Osservando i cocci per terra si faceva largo in lui la consapevolezza che non era andata in frantumi solo la finestra, ma anche parte del suo cuore assieme a quel desiderio accantonato per le sue ragioni validissime di passare tutta la vita assieme allo spadaccino.
Un sogno che non poteva decisamente perseguire data la sua posizione.
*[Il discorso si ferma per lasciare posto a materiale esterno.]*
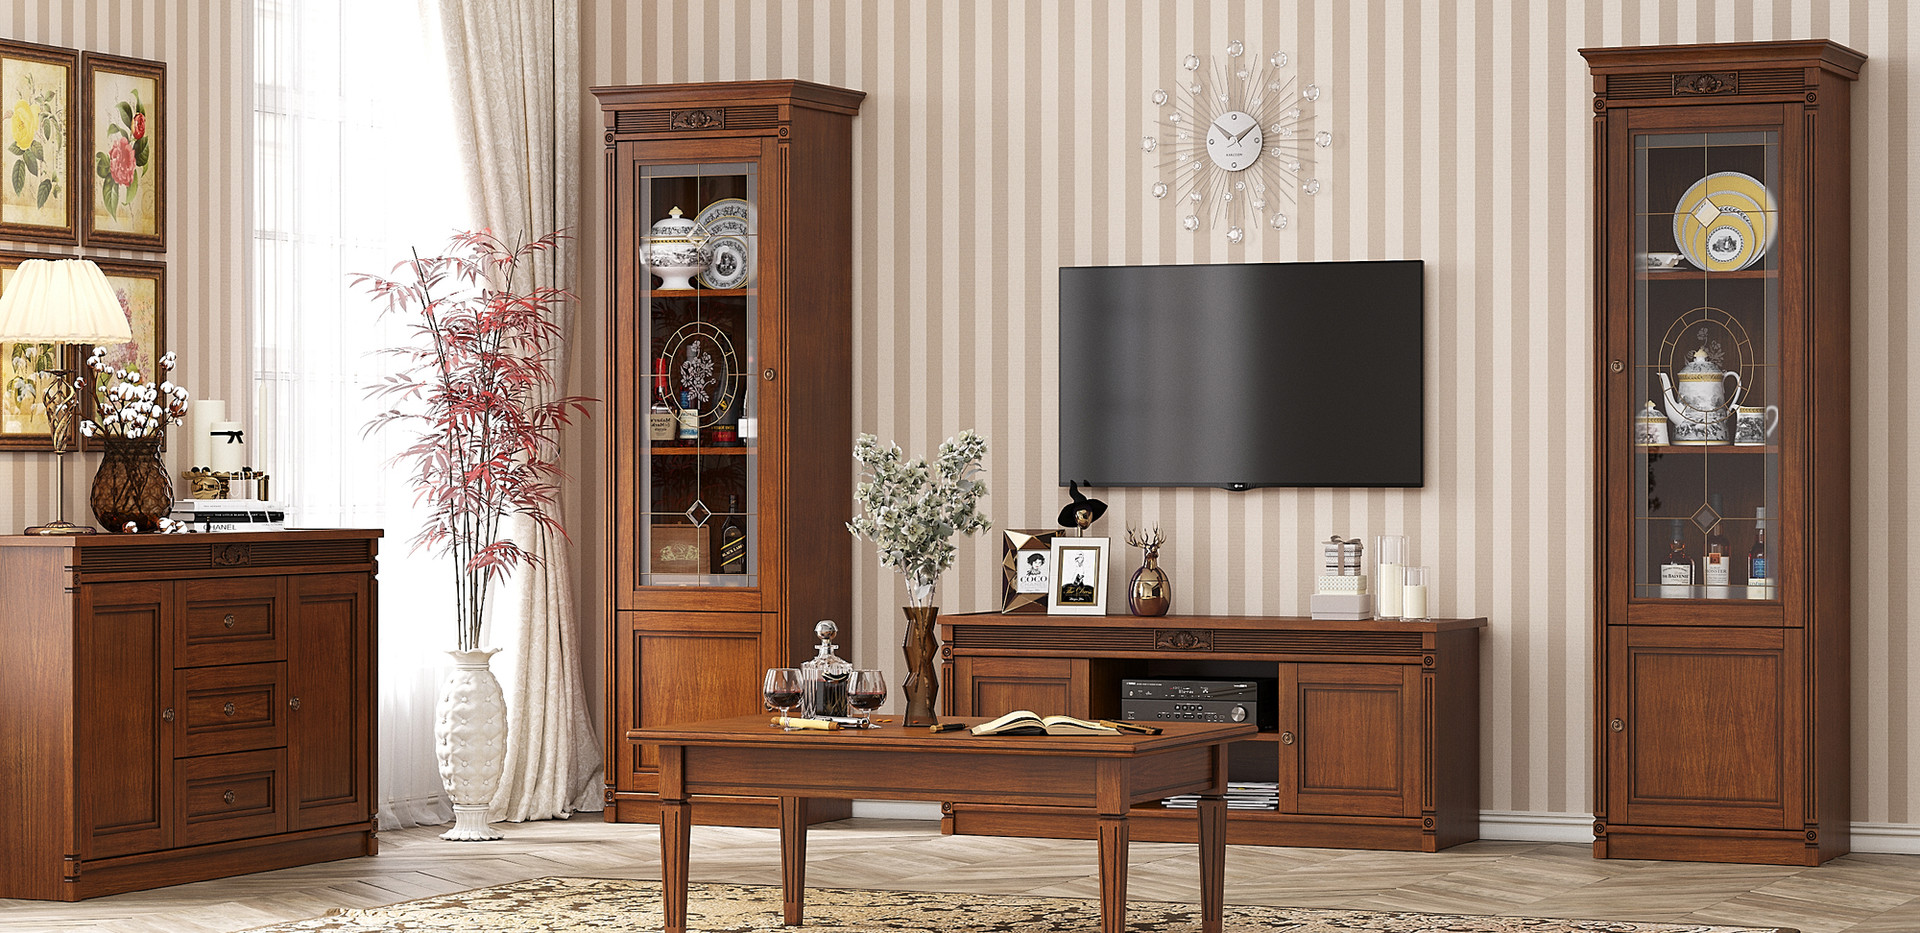 MARSELLE_Living room_02.jpg

Meglio così, e poi due uomini insieme è comunque sbagliato, si era tolto tutti i sassi dalle scarpe in questo modo.
 

Pensare quelle cose lo fece sentire solo peggio e senza rendersene conto aveva preso a singhiozzare più forte, tremando e odiandosi per quello, si strinse tra le braccia cercando di soffocare i gemiti di dolore. Mai avrebbe pensato di poter stare così male per quell’imbecille.
 
Alzò lo sguardo affogato nelle lacrime verso il paesaggio oltre la finestra in frantumi, senza vetro faceva decisamente più freddo nella stanza e quel cielo stellato non sembrava più tanto accogliente, ma raggelante e terribilmente vasto, per lui, vuoto.
 
Aveva forse fatto davvero la scelta sbagliata?
 


 
Yamamoto restò oltre la porta seduto, ascoltando per tutto il tempo il singhiozzare del compagno oltre l’ingresso. Ancora silenziose lacrime gli rigavano il volto, ma non poteva ancora andarsene.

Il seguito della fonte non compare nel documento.